Charlotte Cardin holds a statue at the 51st JUNO Awards in Toronto in 2022, where she won four awards. This year she is nominated for six. (Evan Mitsui/CBC)

The Beaches from Toronto, whose song Blame Brett went viral last year, are the hottest rock band on the roster and will attempt to win Group of the Year for the first time, taking on past winners Nickelback, Loud Luxury, Walk Off the Earth. and Arkells.

Furtado previously hosted the 2007 Junos in Saskatoon, where she descended from the rafters dressed like a bird. Reviewing her past hosting experience with CBC Music, Furtado said she would be cutting out comedy this time around.

The trick is to simply “detach yourself and do your best,” she said.

“Don’t troll me. Don’t hate me. Thank you.”

WATCH | Nelly Furtado looks back on her last concert at the Junos in 2007:

Nelly Furtado | My Junos moment

We asked Nelly Furtado to revisit her 2007 Junos hosting gig and asked her what she learned from it before hosting again in 2024.

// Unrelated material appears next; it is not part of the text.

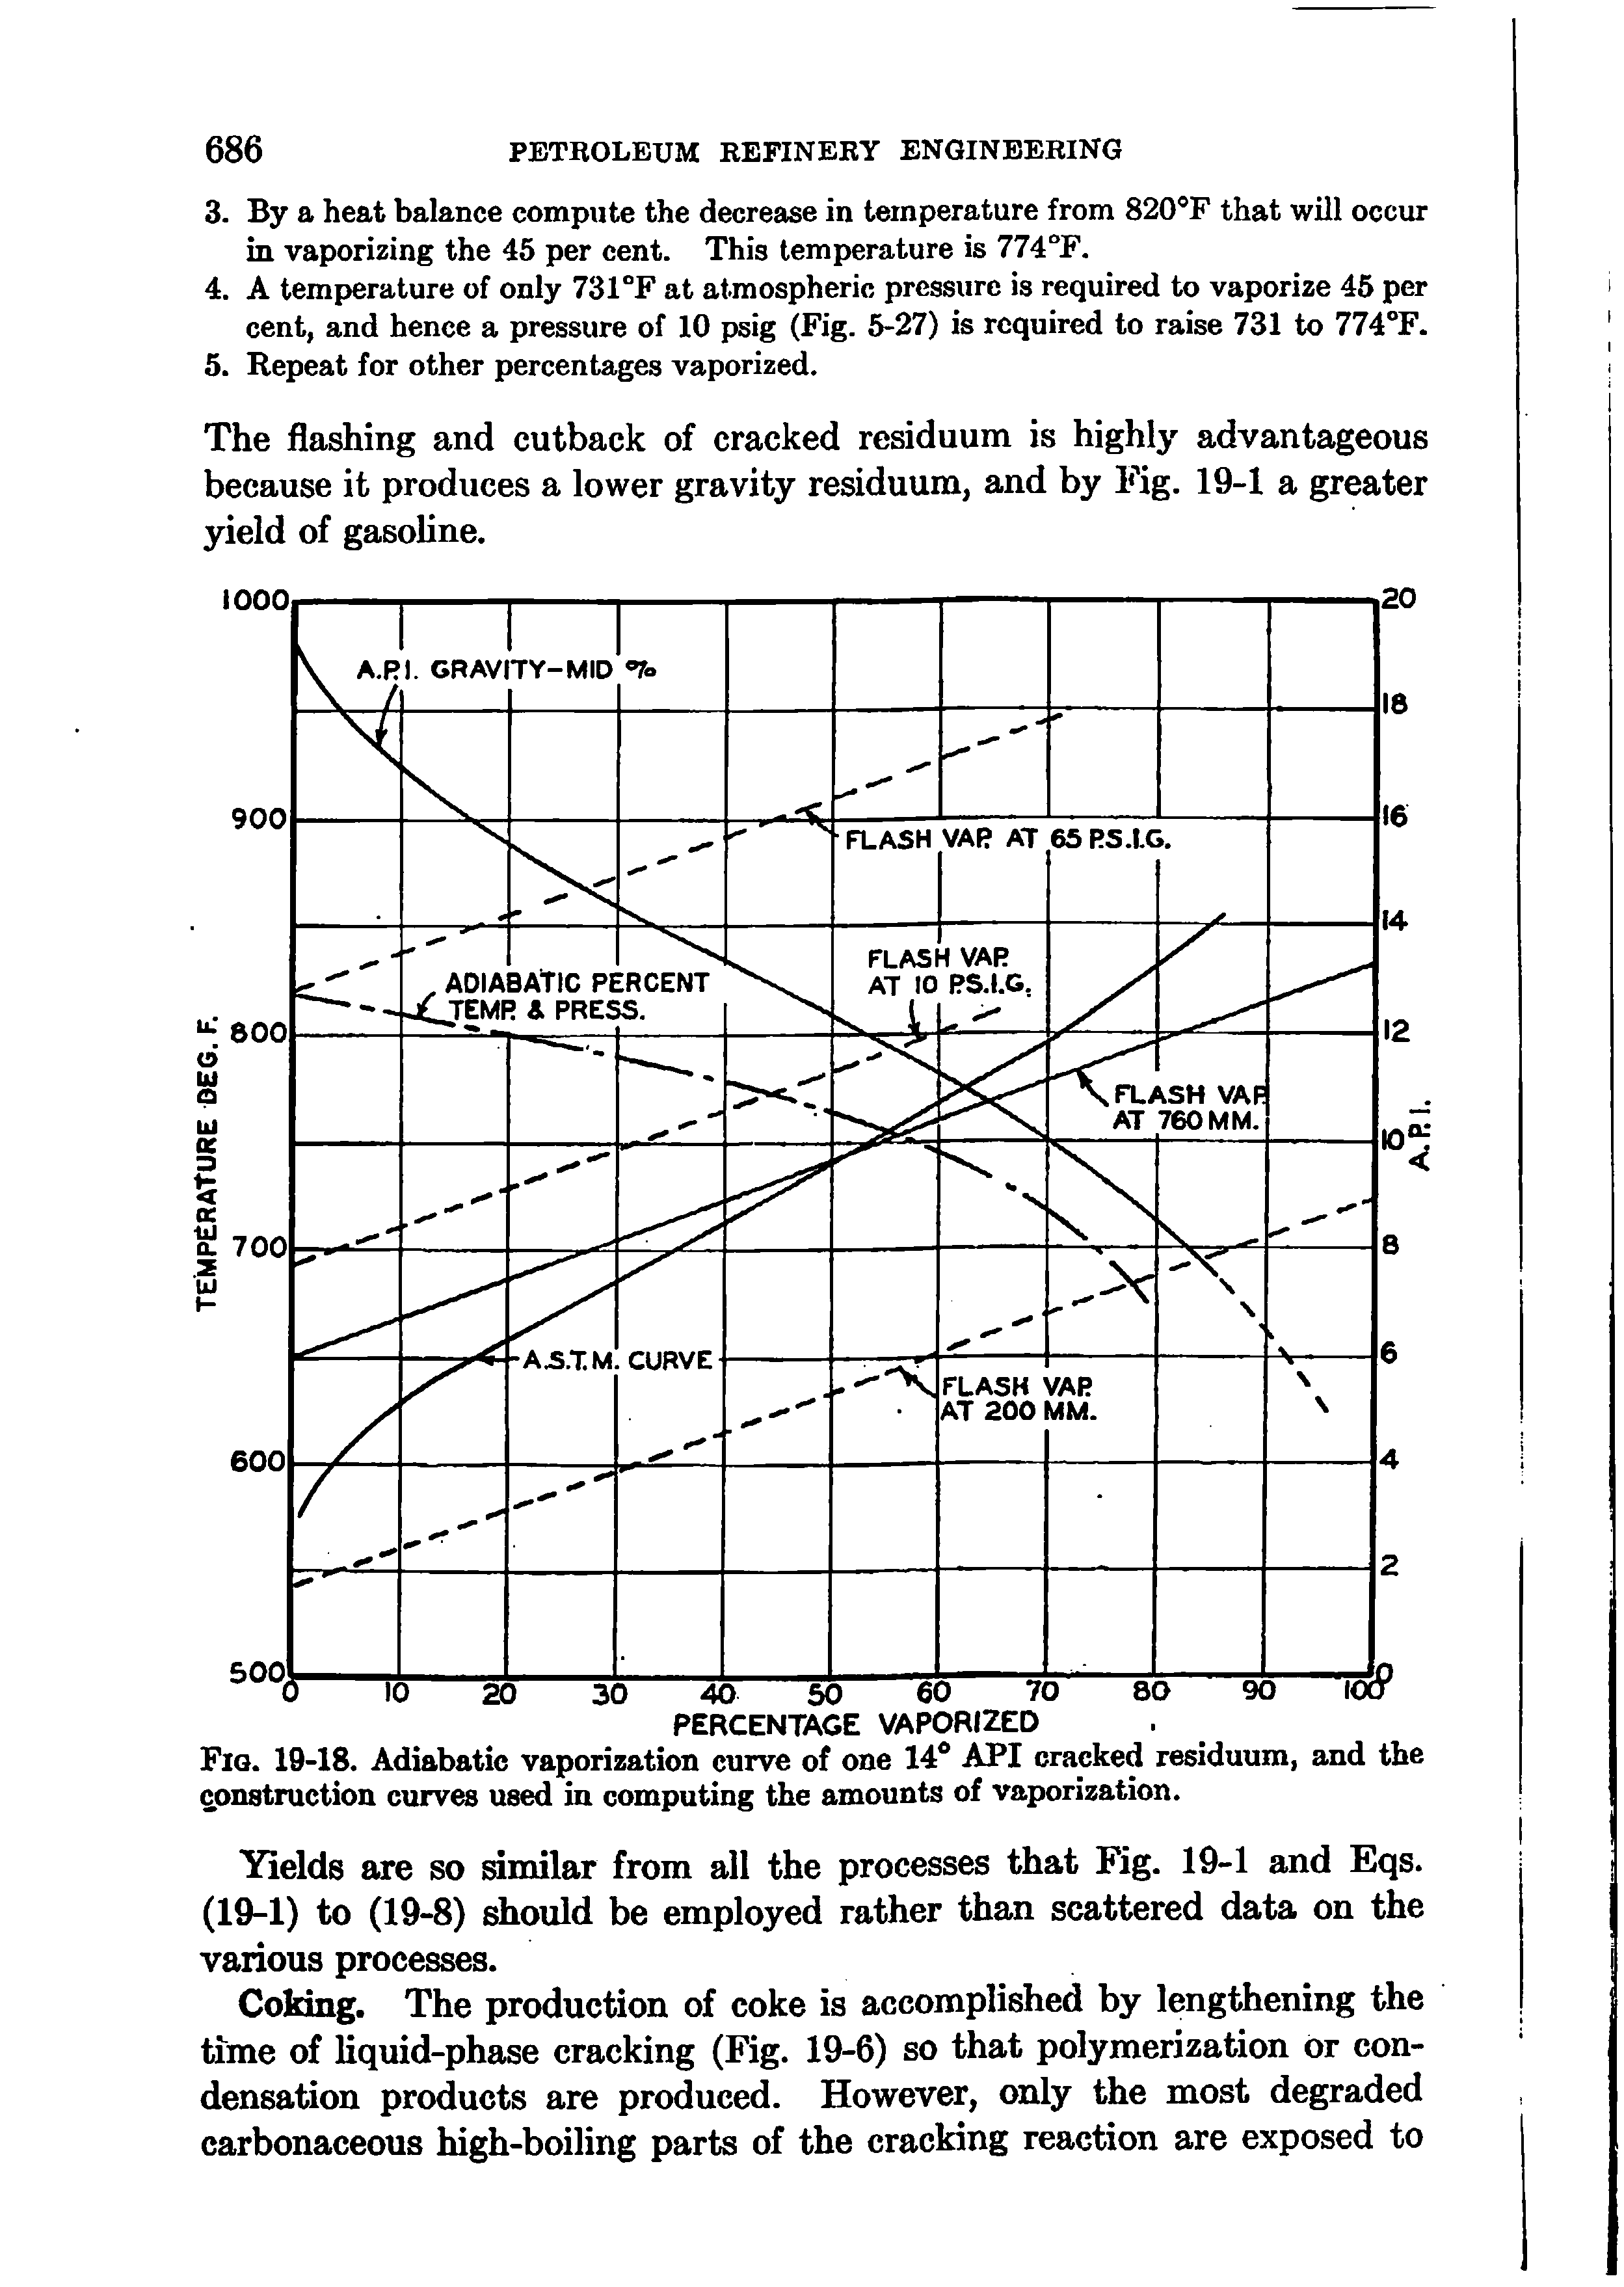 Fig. 19-18. Adiabatic vaporization curve of one 14 API cracked residuum, and the construction curves used in computing the amounts of vaporization.
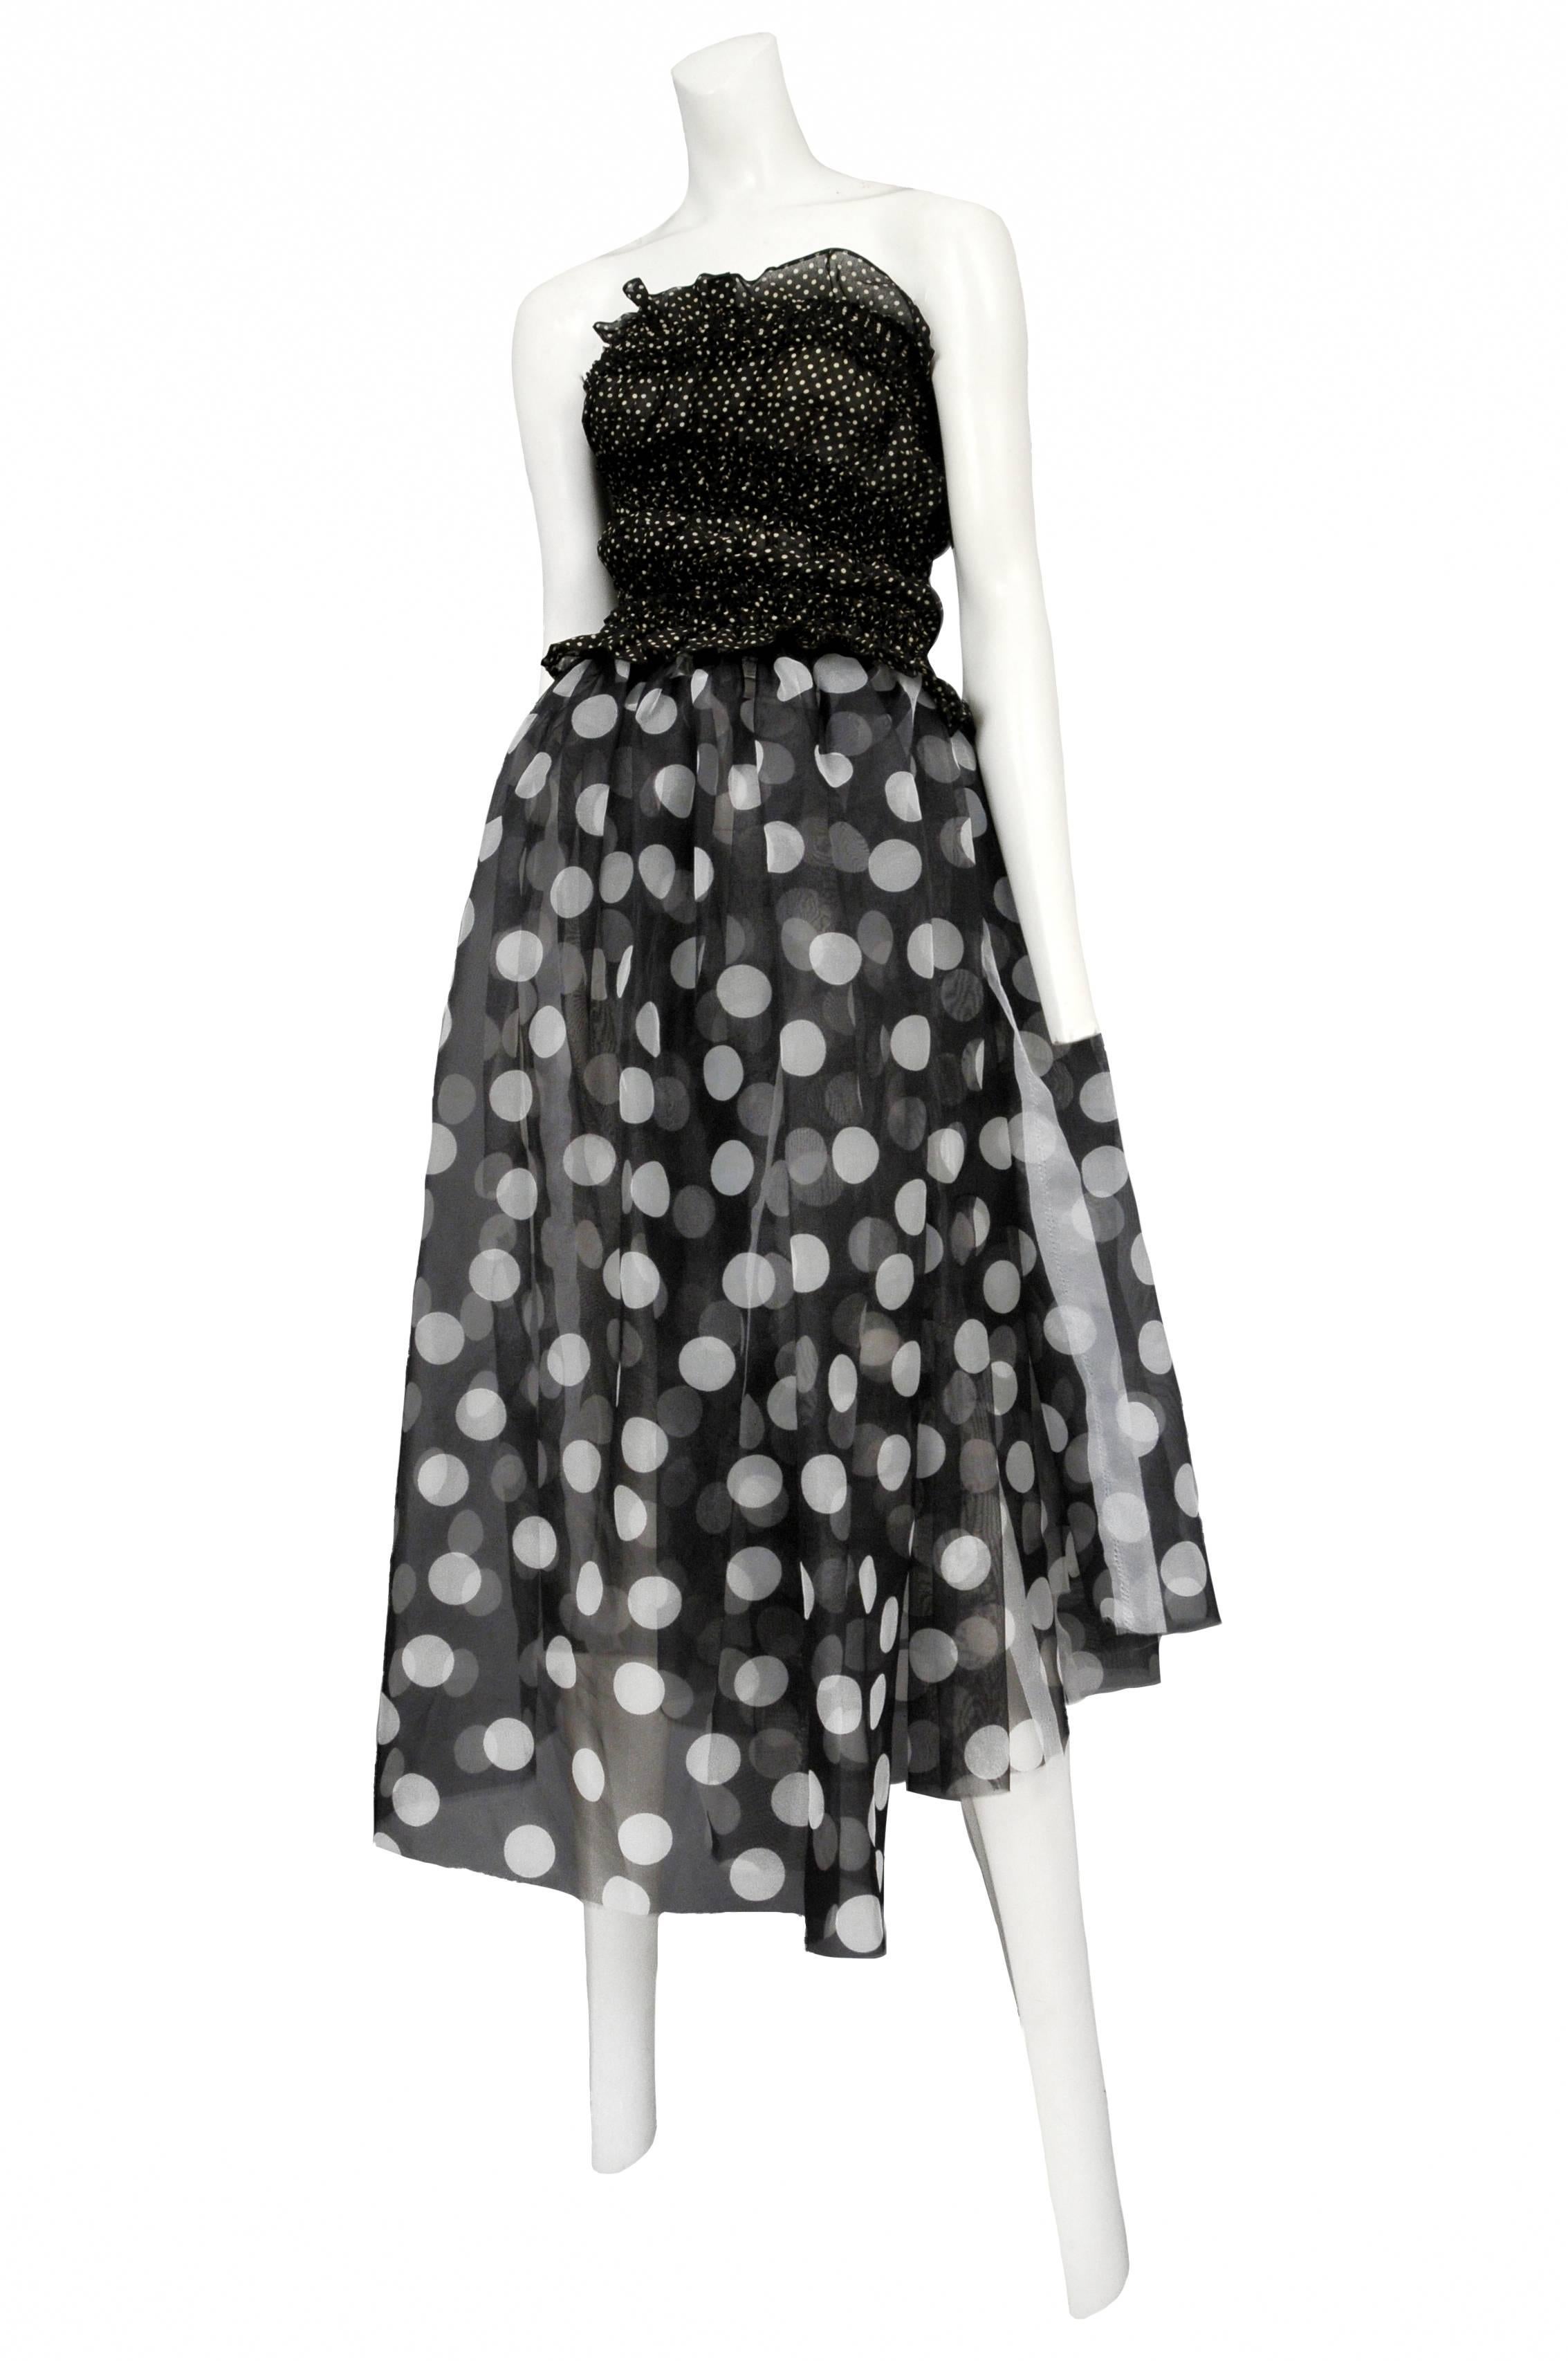 Tao for Comme Des Garcons SS 2011 polka dot organza ruched strapless dress with under slip.

Canadian rap legend Maestro Fresh Wes, aka Wesley Williams, will also make an appearance to be inducted into the Canadian Music Hall of Fame.

His album Symphony indeed made him the first black Canadian artist to record a platinum album and won the first-ever Juno for rap recording of the year in 1991. Williams told CBC Music that the year he won this historic Juno, he was inspired by Leonard Cohen’s induction.

“Who would have believed it back then?” » Williams said. “That’s the memory I had in mind, you know. And now here I am, doing something he must have done years ago.”

A man dressed in a white blazer and black pants poses on a red carpet.
Maestro Fresh Wes will be inducted into the Canadian Music Hall of Fame on Sunday. (CARAS/iPhoto)

Toronto R&B sensation Daniel Caesar and Ottawa Talk newcomer are among the most important artists to watch this year, with five nominations each, including both for album of the year.

Calgary pop singer Tate McRae could score her first win, with three nominations, adding to her previous nine Juno nominations, while Amanda Marshall, who rose to fame in the 1990s, could break her Juno curse with his 12th career nomination.

A man holds up an award statue while speaking into a microphone.
Daniel Caesar holds up his award at the 2018 Junos in Vancouver. César is nominated for five awards this year. (Darryl Dyck/Canadian Press)

Veteran country star Shania Twain, meanwhile, will have the chance to add to her 13 Juno wins with two nominations this year.

New faces to watch include Markham, Ont., actor-turned-rapper Connor Price, who is up for three awards, as well as Toronto pop singer Lu Kala and Surrey, B.C.-based Punjabi pop singer, Karan Aujla, with two nominations each. .

The Saturday evening ceremony, where more than 40 Junos will be awarded before the main event on Sunday, will be co-hosted by Aba Amuquandoh, host of This hour has 22 minutes and host of The best in miniatureand Damhnait Doyle from CBC Music, and will be broadcast live at cbcmusic.ca/junos starting at 5 p.m. ET/6 p.m. AT.

The Sunday show will air live across Canada starting at 8 p.m. ET/9 p.m. AT on CBC-TV, CBC Gem, CBC Radio One, CBC Music, CBC Listen and worldwide on cbcmusic.ca/junos and CBC Music Youtube page.